The enum facility, added in Java 5, is an excellent example of such a tradeoff. The type-safe enum pattern was well understood, and easy to express (albeit verbosely), prior to Java 5 (see Effective Java, 1st Edition, item 21.) The initial motivation to add enums to the language might have been irritation at the boilerplate required for this idiom, but the real benefit is semantic.

The key simplification of enums was to constrain the lifecycle of enum instances -- enum constants are singletons, and the requisite instance control is managed by the runtime. By baking singleton-awareness into the language model, the compiler can safely and correctly generate the boilerplate needed for the type-safe enum pattern. And because enums started with a semantic goal, rather than a syntactic one, it was possible for enums to interact positively with other features, such as the ability to switch on enums, or to get comparison and safe serialization for free.
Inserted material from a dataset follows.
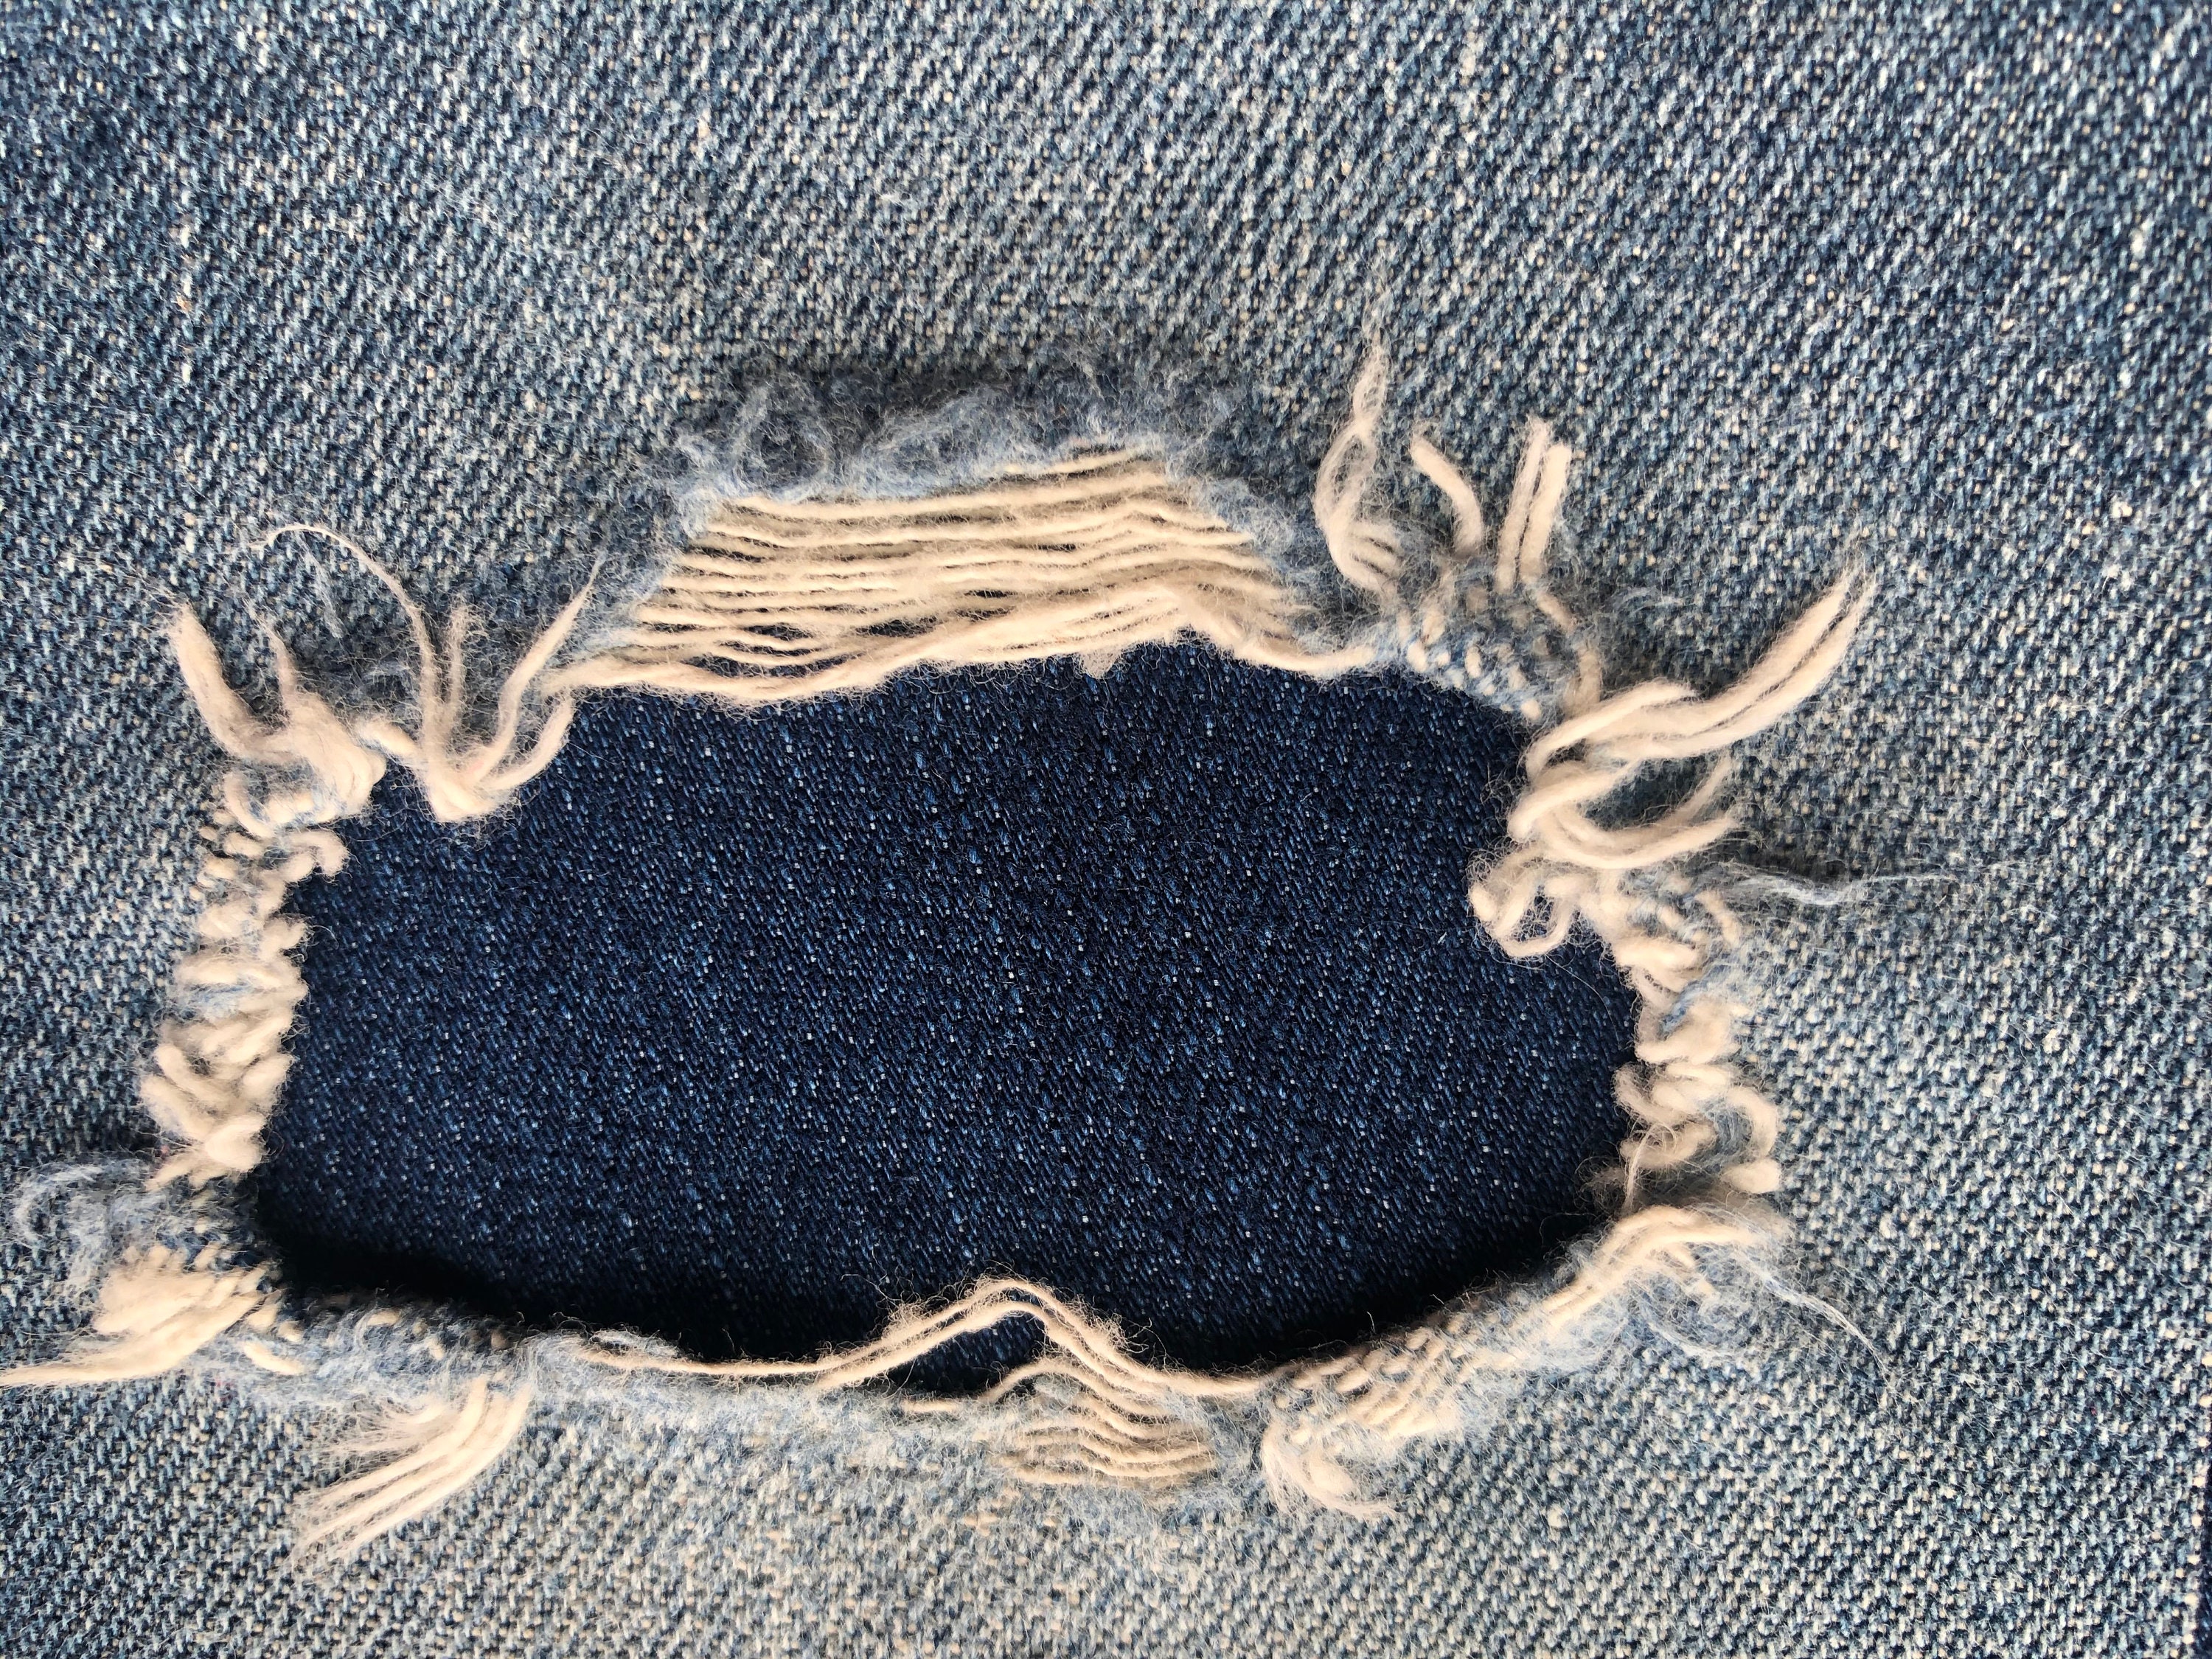  Jeans Denim Patches, 10X6Inch Denim Patches for Jeans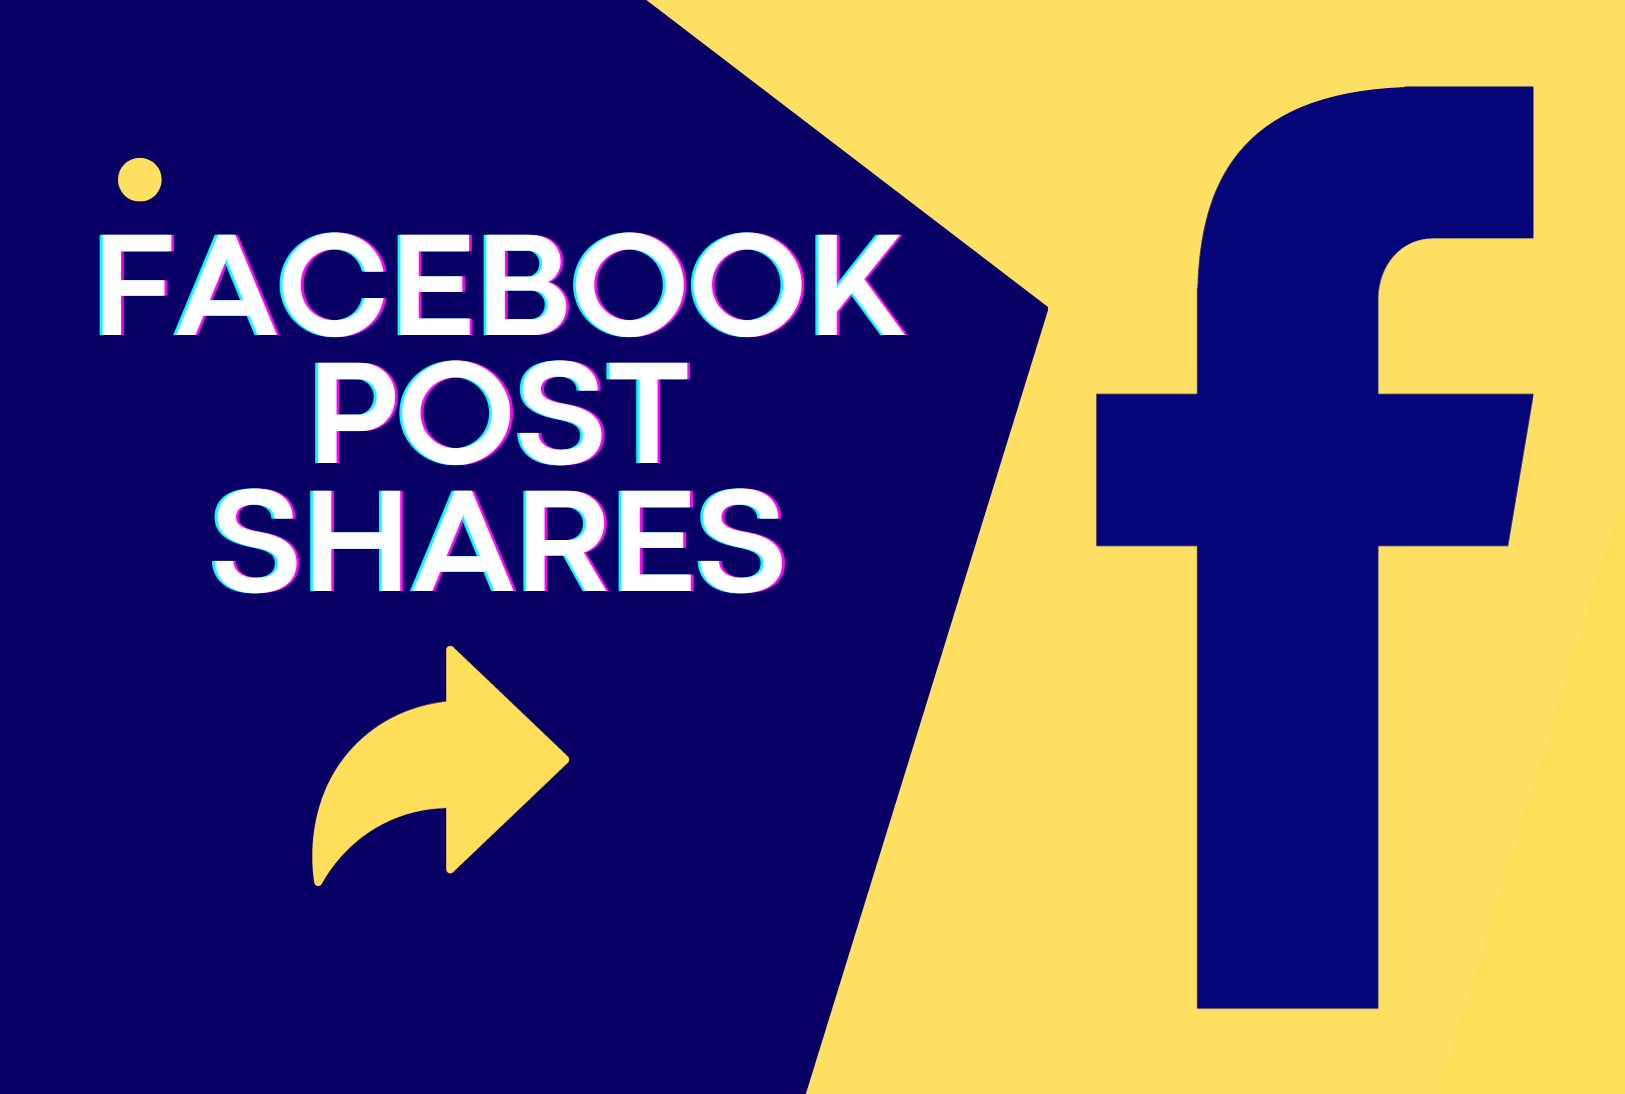 500 Facebook reposts on photos, posts, or videos, real shares

Perhaps surprisingly, enums delivered their syntactic and semantic benefits without requiring us to give up most other degrees of freedom that classes enjoy; Java's enums are not mere enumerations of integers, as they are in many other languages, but instead are full-fledged classes, with unconstrained state and behavior, and even subtyping (constrained to interface inheritance only.)

If we are looking to replicate the success of this approach with data classes, our first question must therefore be: what constraints will give us the semantic and syntactic benefits we want, and, are we willing to accept these constraints?

Why not "just" do tuples?

Some readers may feel at this point that if we "just" had tuples, we wouldn't need data classes. And while tuples might offer a lighter-weight means to express some aggregates, the result is often inferior aggregates.

Classes and their members have names; tuples and their members do not. A central aspect of Java's philosophy is that names matter; a Person with properties firstName and lastName is clearer and safer than a tuple of String and String. Classes support state validation through their constructors; tuples do not. Some data aggregates (such as ranges) have invariants that, if enforced by the constructor, can thereafter be relied upon; tuples do not offer this ability. Classes can have behavior that is derived from their state; co-locating state and derived behavior makes it more discoverable and easier to access.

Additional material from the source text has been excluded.